We should be very skeptical of any climate solution that promises decarbonization without any material change to how food energy is produced. Examples abound, like carbon neutral milk, regenerative grazing8, and feed supplements. These are solutions that partially help, partially confuse consumers, but will never scale to fully address climate change due to the basic rules of thermodynamics.

Eating lower on the food pyramid doesn't mean eating grass, as the straw-man counterargument often goes. Some of us might voluntarily change our diets, but most people probably won't have to make many sacrifices at all. Alternative proteins (meat, dairy, and eggs, produced without animals) recombine plant ingredients from L1L_1 to mimic foods from L2L_2, L3L_3, and so on! As alternative proteins approach price and taste parity, we'll be able to eat many of the foods we already enjoy for a fraction of the environmental cost.

Outperforming photosynthesis

A plant-based diet is much more energy- and land-efficient than an omnivorous diet, but it still runs up against the poor efficiency of photosynthesis (well below 1%, as we saw above). Is photosynthetic efficiency a hard upper bound on the efficiency of food production? Short answer: no! In the next post, I'll explore a NASA-inspired food production technology that can outperform the efficiency of photosynthesis.

Footnotes

  1. See the supplemental data from this paper. For comparison, a modern solar panel has a theoretical efficiency of ~32%, a ~20% efficiency under ideal conditions, and more like a 5% efficiency if you factor in cloudy days, suboptimal sun angles, etc. At 5% efficiency, solar panels are still about 10x more efficient than most plants.

  2. Decomposers like mushrooms make the picture slightly more complicated, since they can recycle energy from higher trophic levels down to lower levels.

  3. Carrying capacity is why you'd probably find far fewer carnivores in a given area of land, and maybe why they tend to be more solitary than herbivores?

  4. The “food pyramid” is actually an apt metaphor, as you need a very wide area of the base (photosynthesis) to support the increasingly narrow levels above.

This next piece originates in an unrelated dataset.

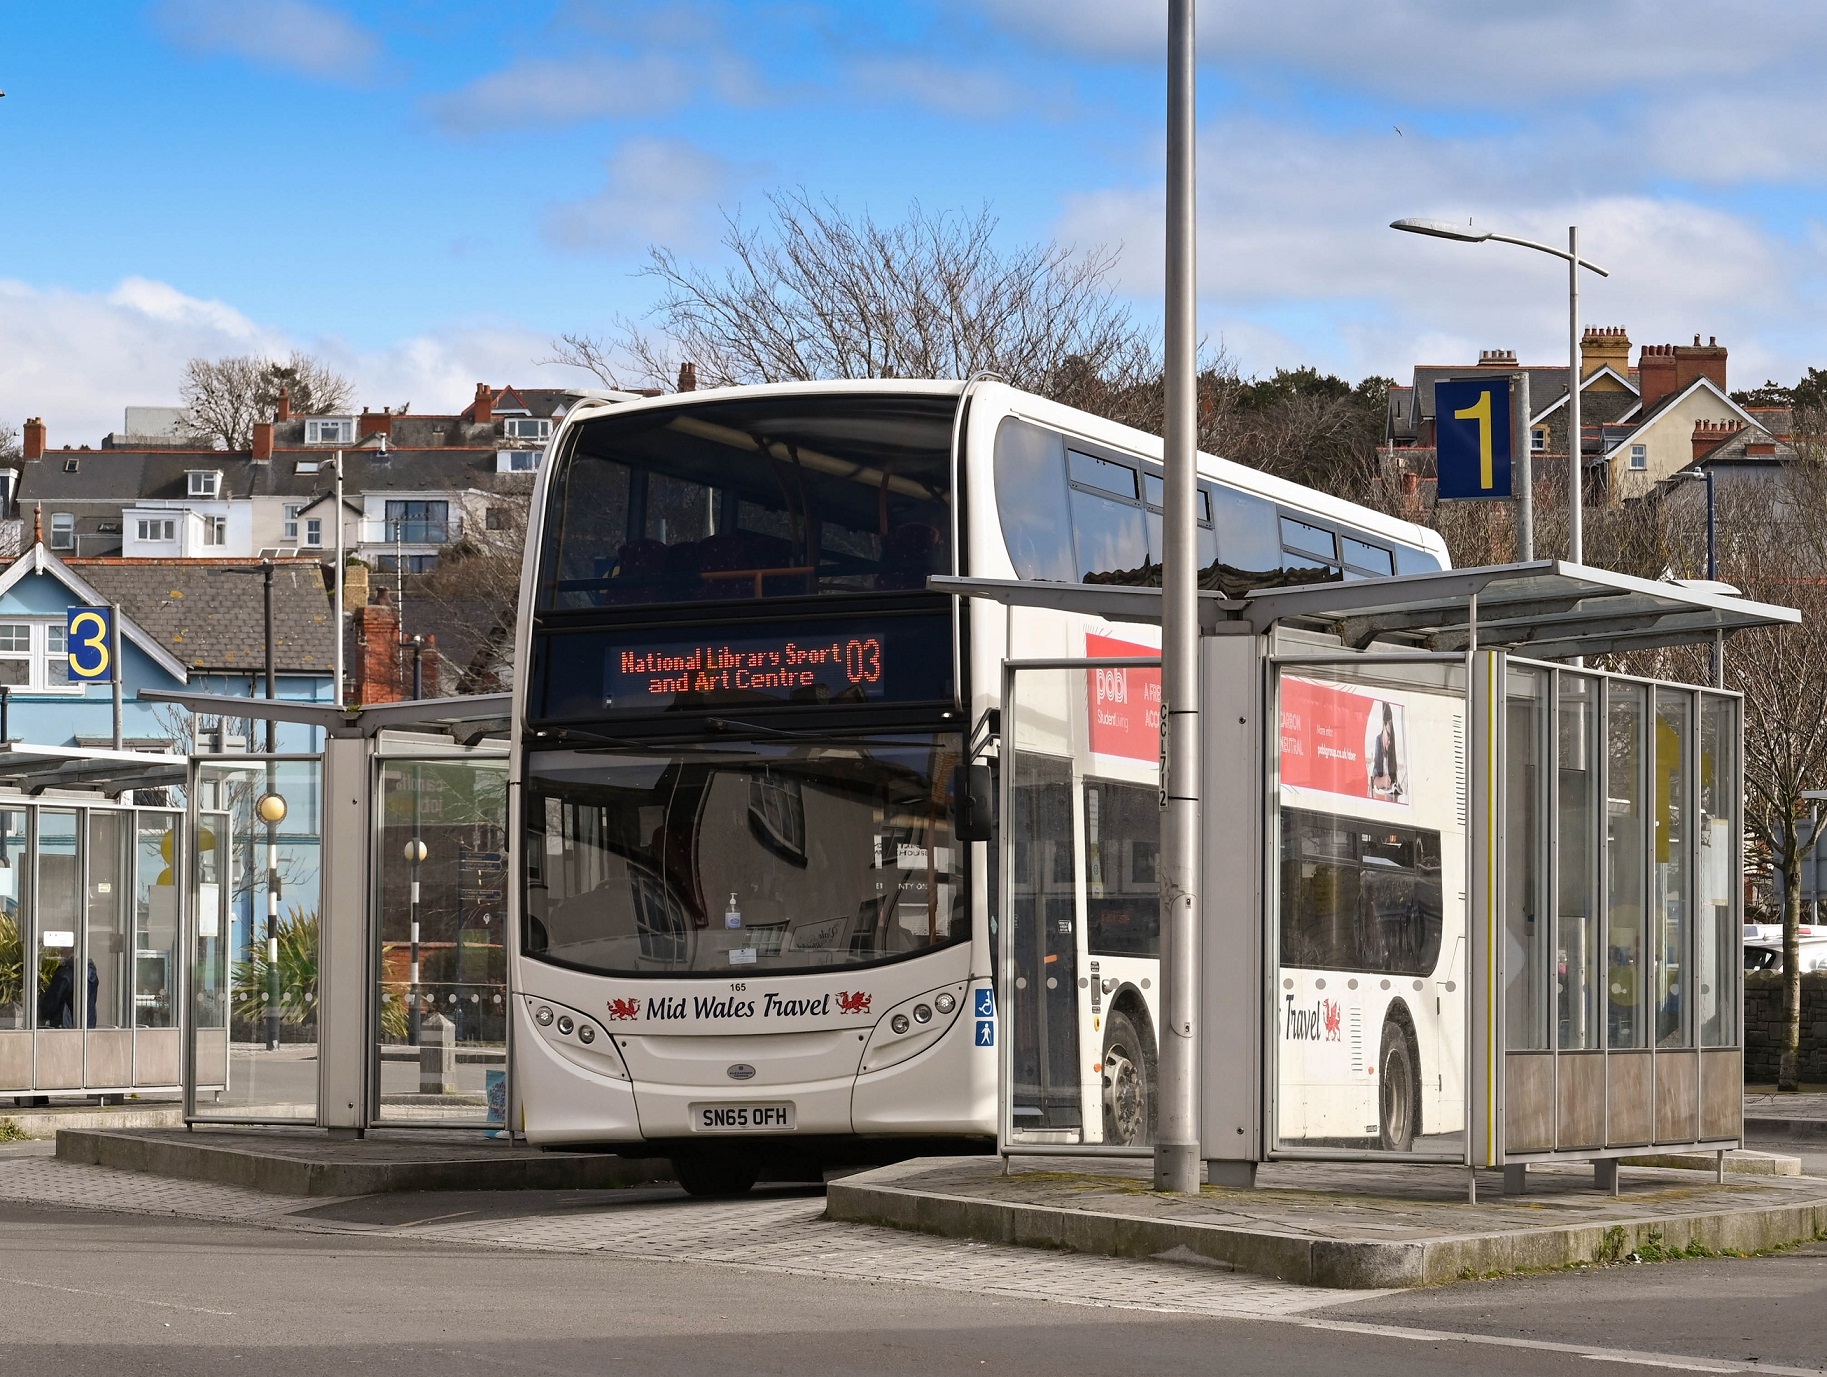 Bus Emergency Scheme in Wales gets three month extension

  5. Cows and other ruminant animals are infamous for their methane emissions, which is more due to the idiosyncrasies of their digestive biology than a consequence of trophic levels.

  6. Despite using the majority of farmland, livestock only supply 17% of the world's calories and 38% of its protein.

  7. Reducing food waste is critical too, of course, since about one-third of food is wasted. However, I want to re-emphasize the point that livestock are the largest source of food waste by far, since most of the calories they eat are lost from the human food supply as heat. Counterintuitively, reducing the number of farmed animals actually leads to a net increase in food, since feed crops become available for direct human consumption.

  8. Regenerative grazing may promote soil carbon, but proponents fail to acknowledge the fine print and limitations: it requires way more land, and the cows grow more slowly, which means they'll produce more methane in their lifetime. The push for regenerative grazing also implies a false choice between factory-farmed beef and sustainable beef. There is a third option, where we turn pastureland back into its natural state and eat something else.